== Task goal ==
Each line from the one holding "Re sizable free of charge" to the last line below must be restated word for word, and no picture may be included.

-------- Dataset entries

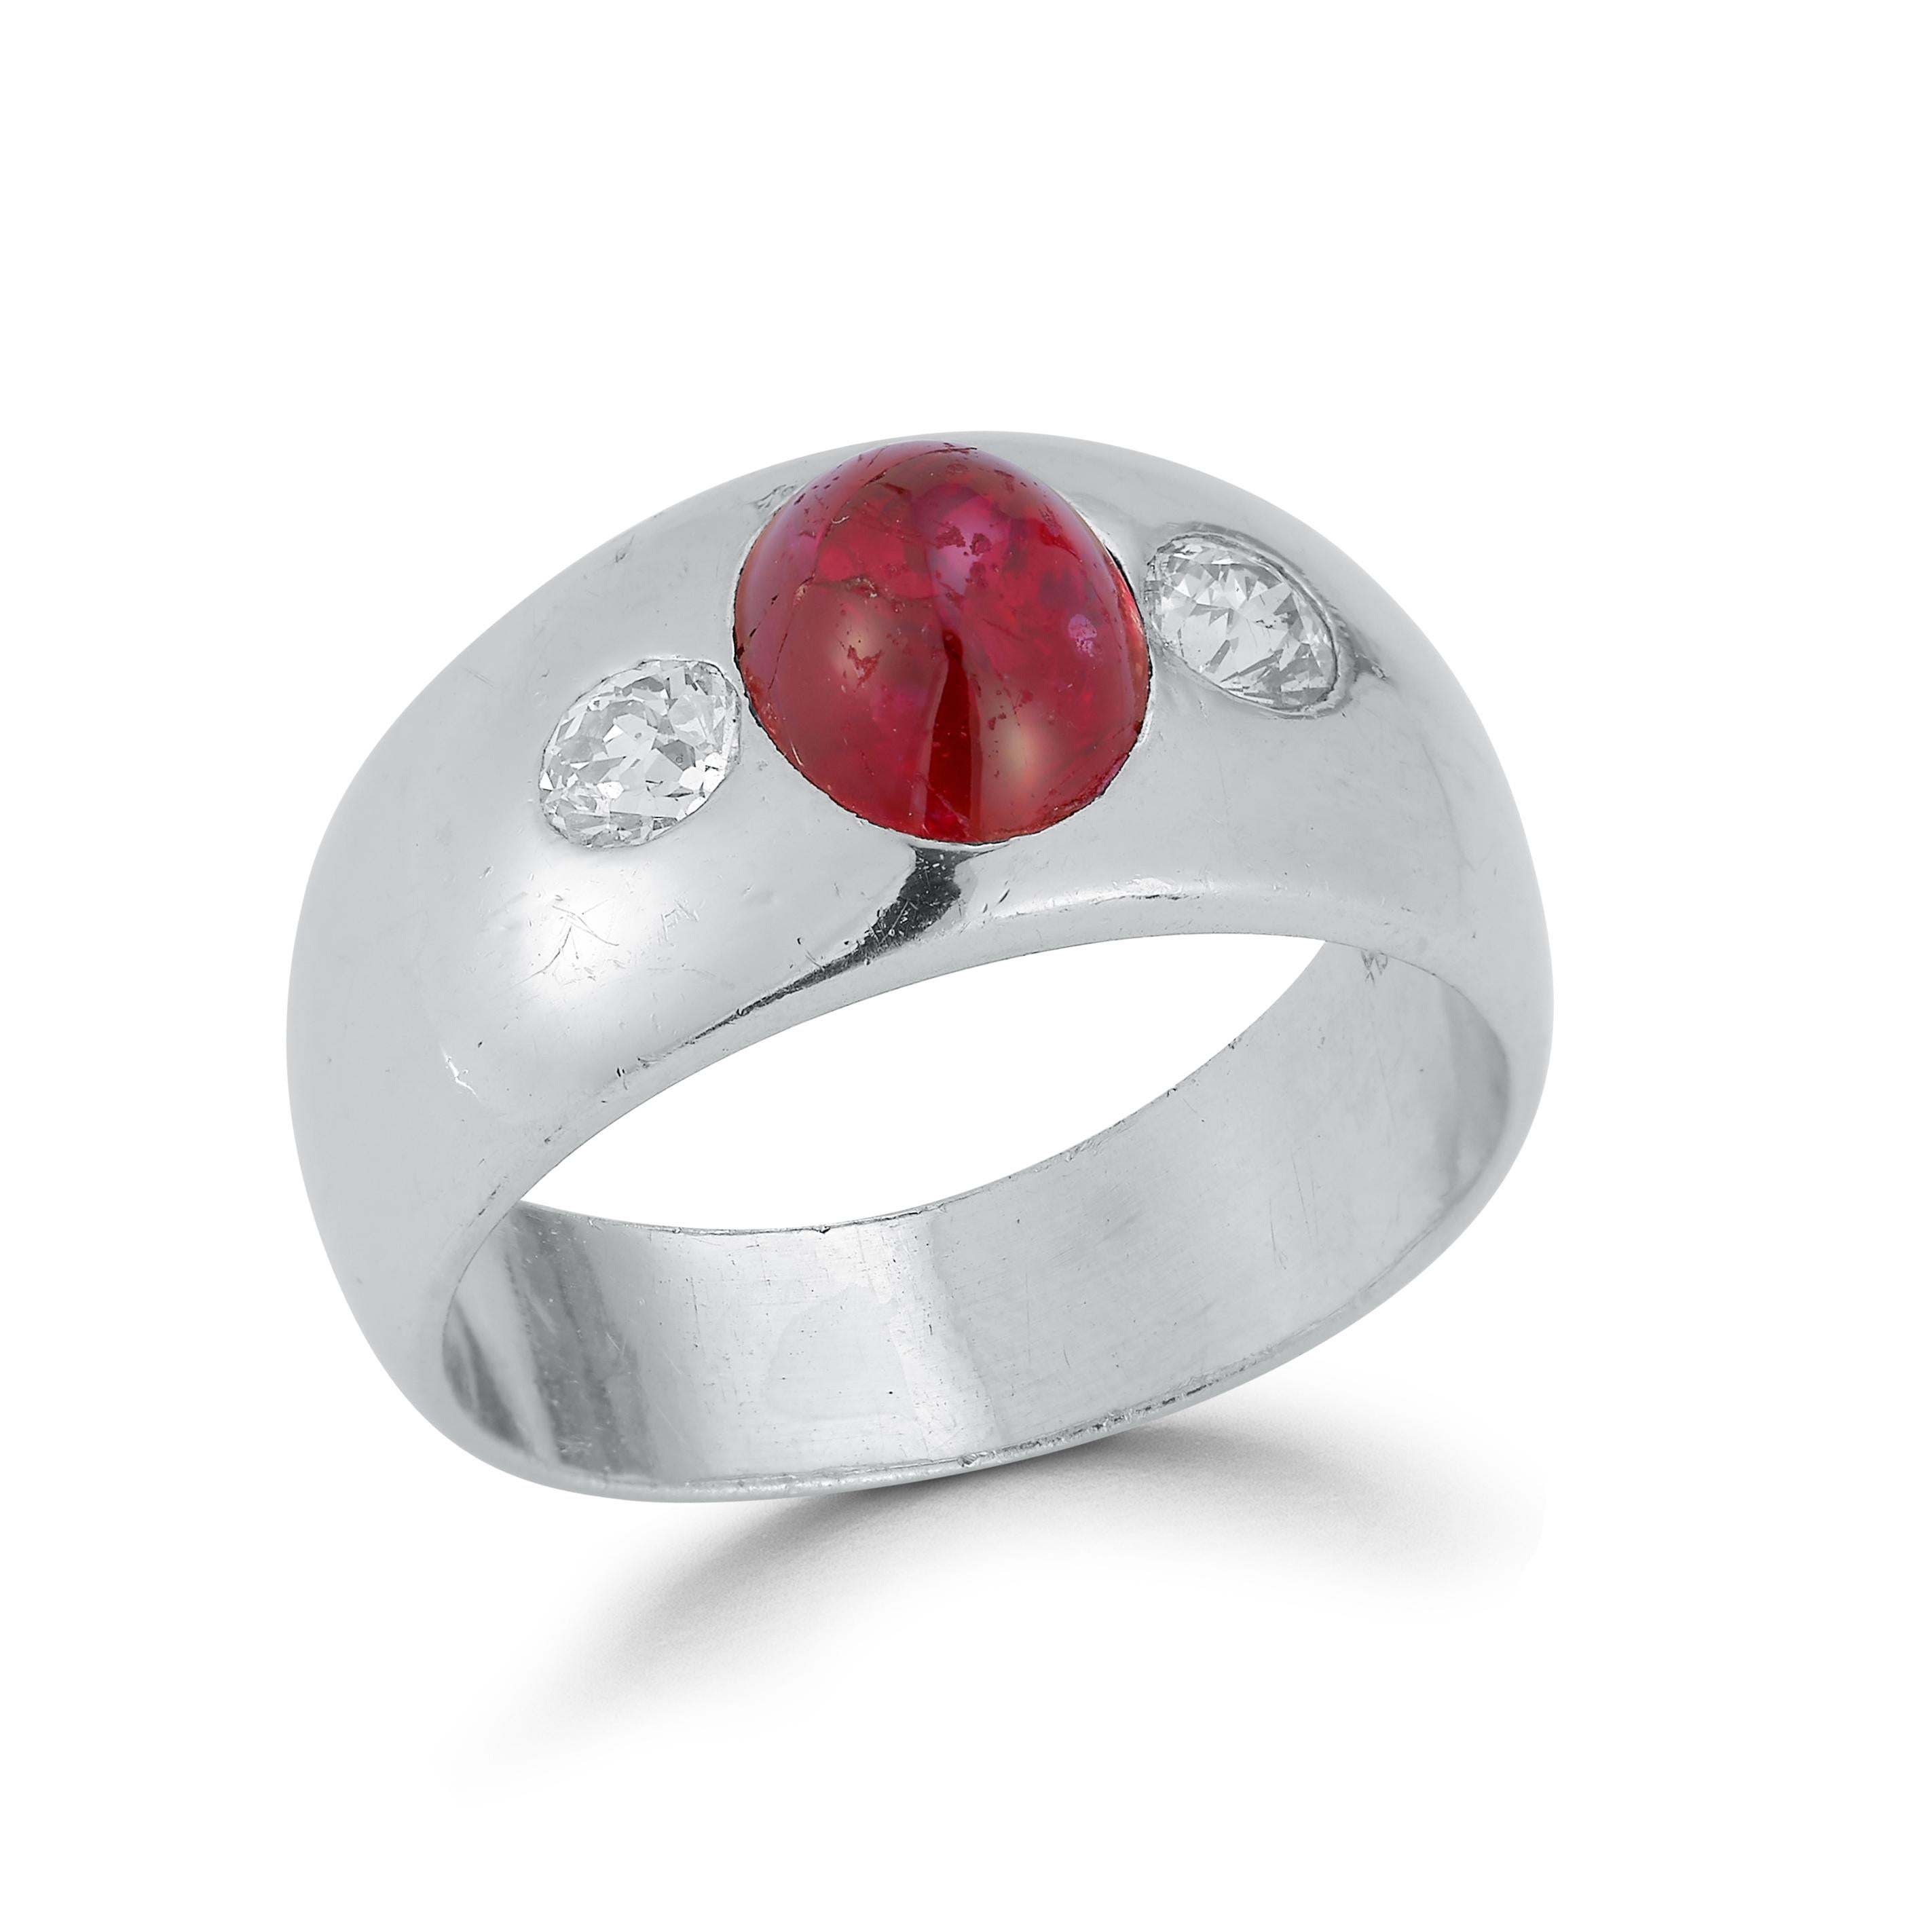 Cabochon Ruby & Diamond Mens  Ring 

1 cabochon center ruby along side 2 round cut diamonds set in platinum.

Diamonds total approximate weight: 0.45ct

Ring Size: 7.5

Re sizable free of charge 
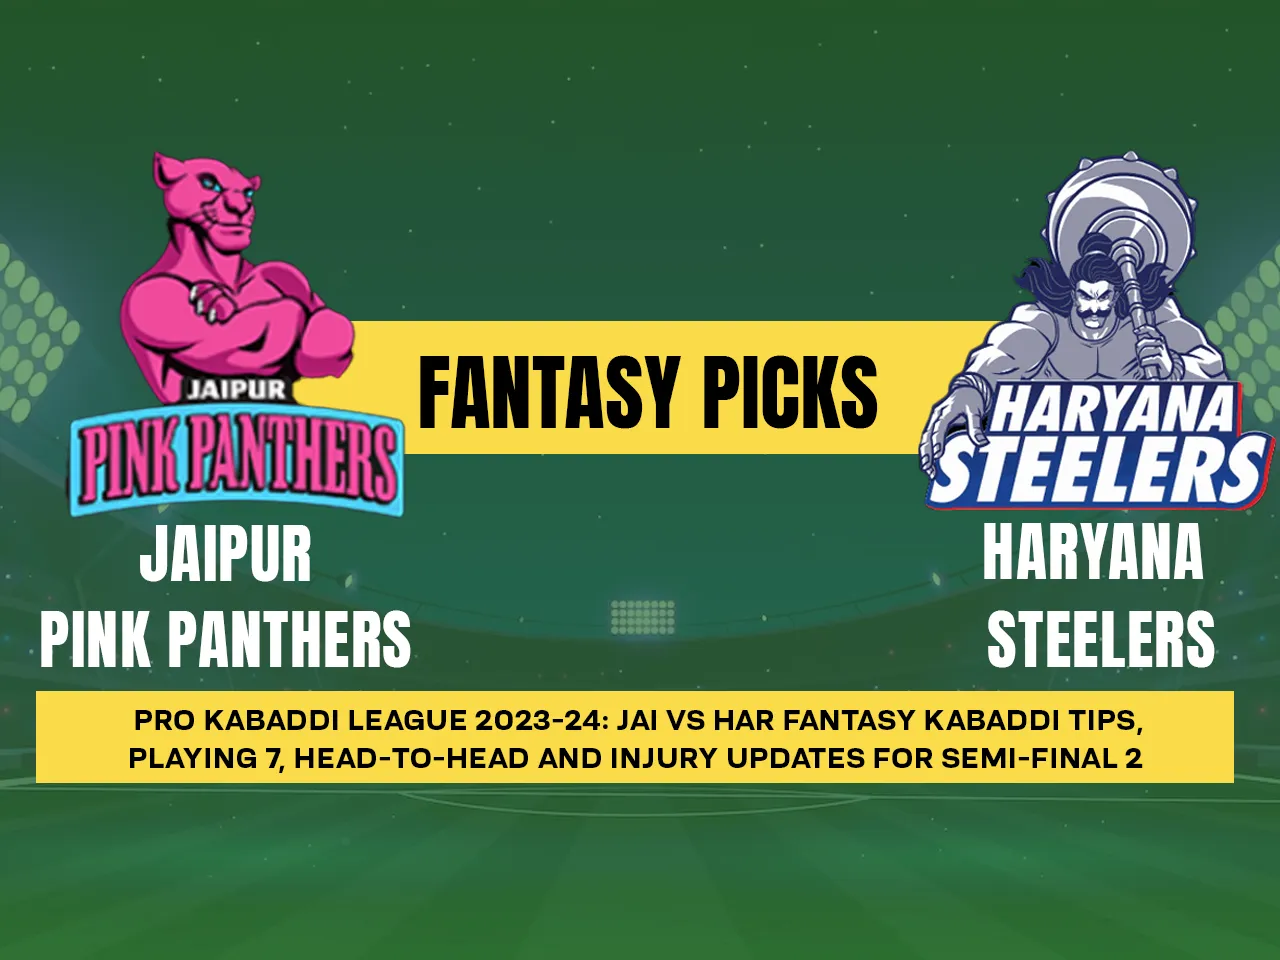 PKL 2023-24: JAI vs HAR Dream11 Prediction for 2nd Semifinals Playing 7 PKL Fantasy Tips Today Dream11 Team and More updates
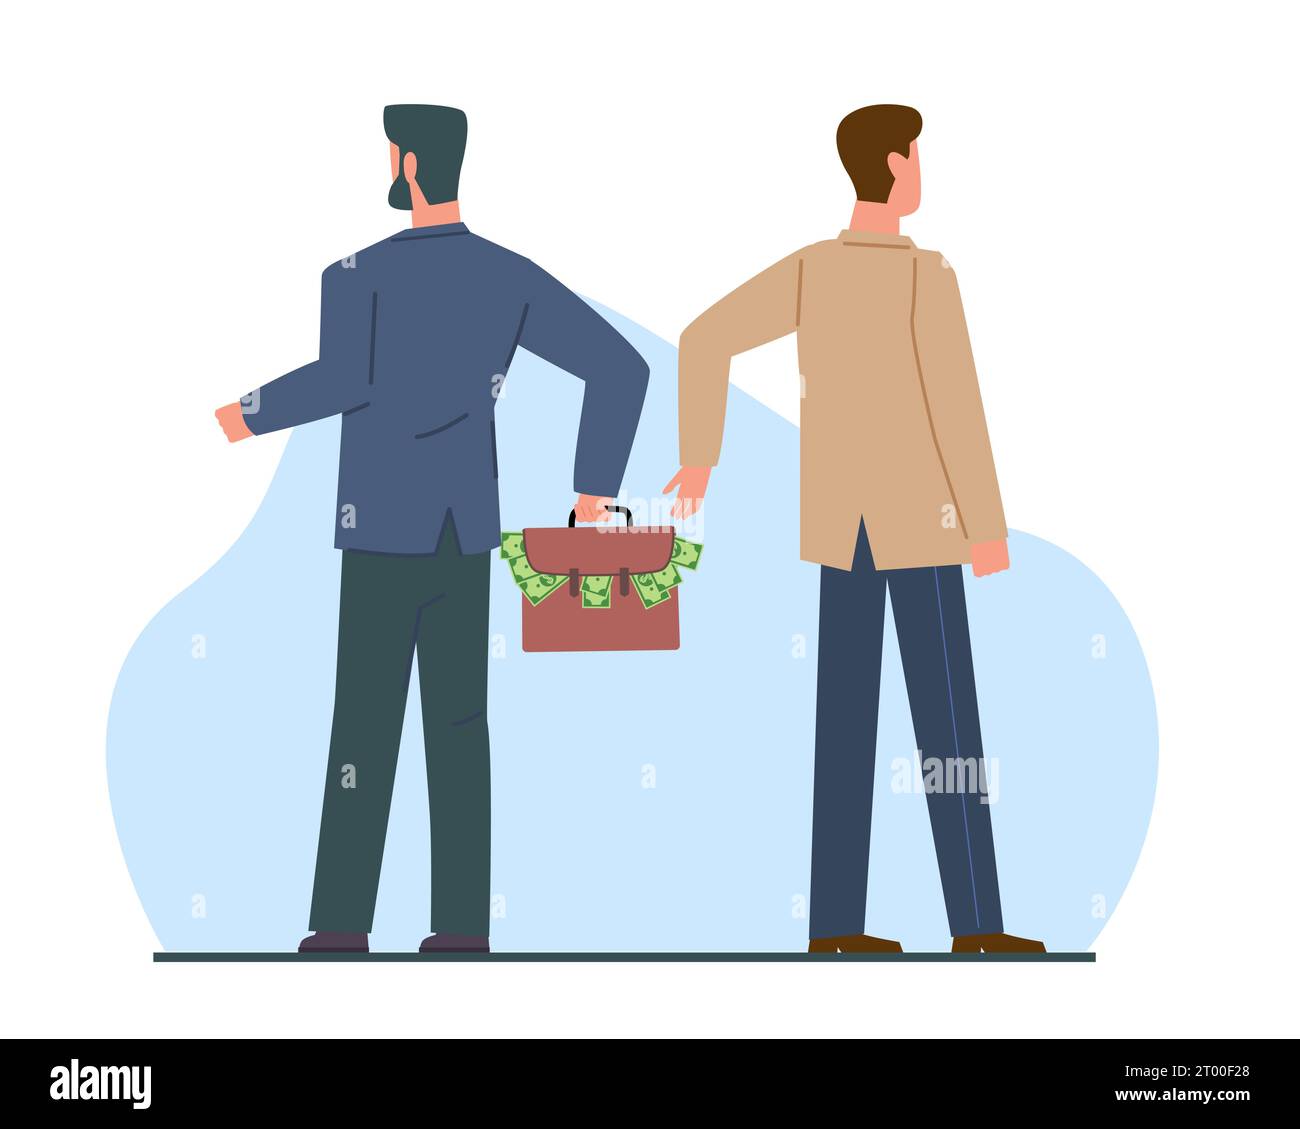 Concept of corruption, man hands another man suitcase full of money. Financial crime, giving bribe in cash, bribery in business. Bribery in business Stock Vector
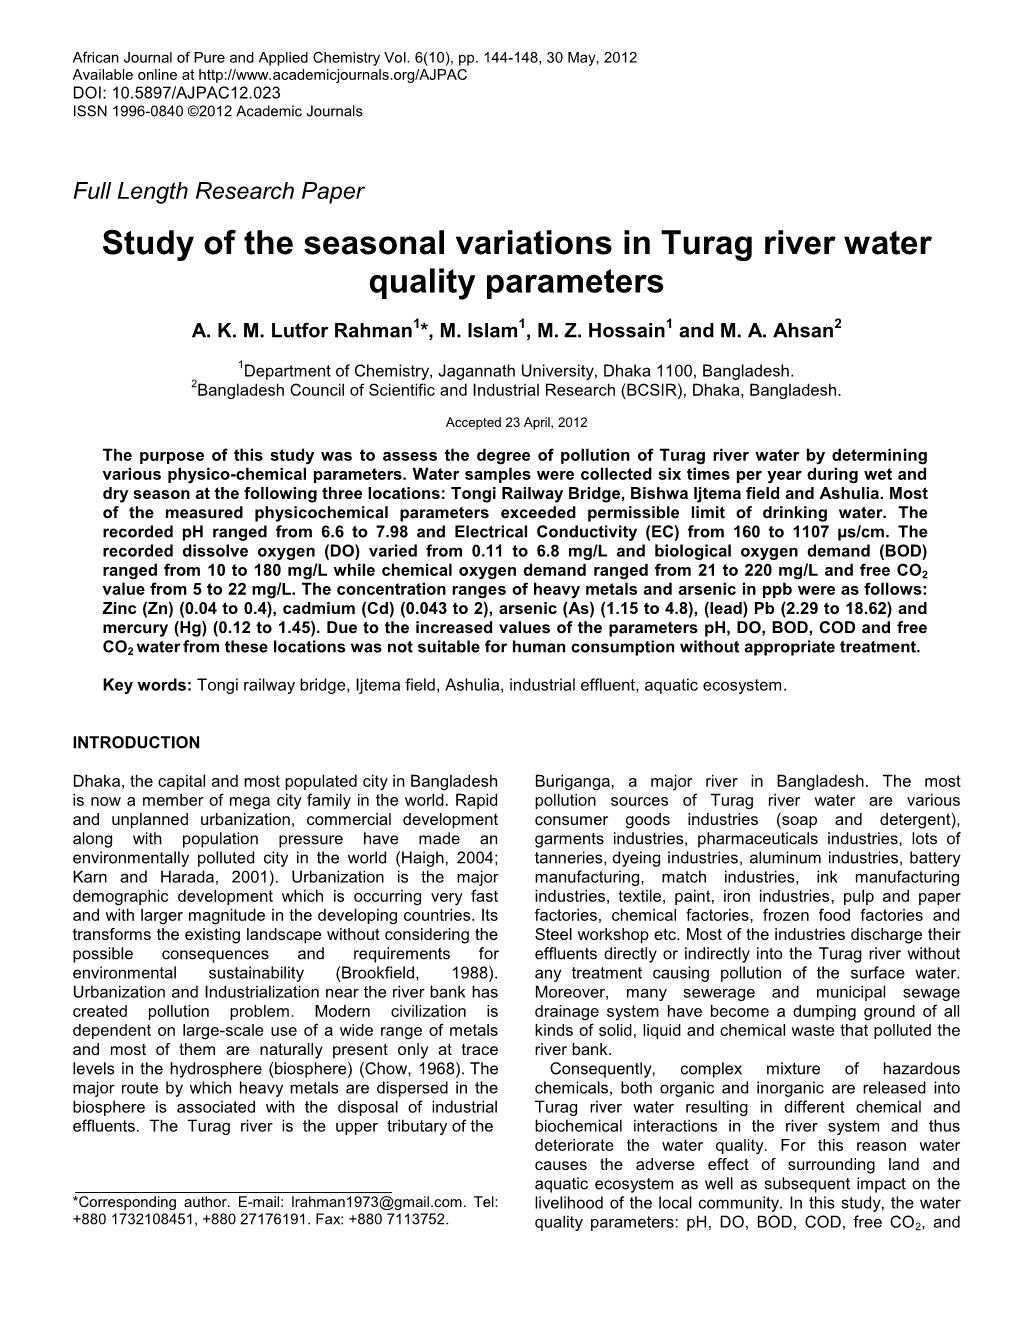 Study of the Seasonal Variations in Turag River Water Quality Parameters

----------------

== Task solution ==
Re sizable free of charge 
 PKL 2023-24: JAI vs HAR Dream11 Prediction for 2nd Semifinals Playing 7 PKL Fantasy Tips Today Dream11 Team and More updates
 Concept of corruption, man hands another man suitcase full of money. Financial crime, giving bribe in cash, bribery in business. Bribery in business Stock Vector
 Study of the Seasonal Variations in Turag River Water Quality Parameters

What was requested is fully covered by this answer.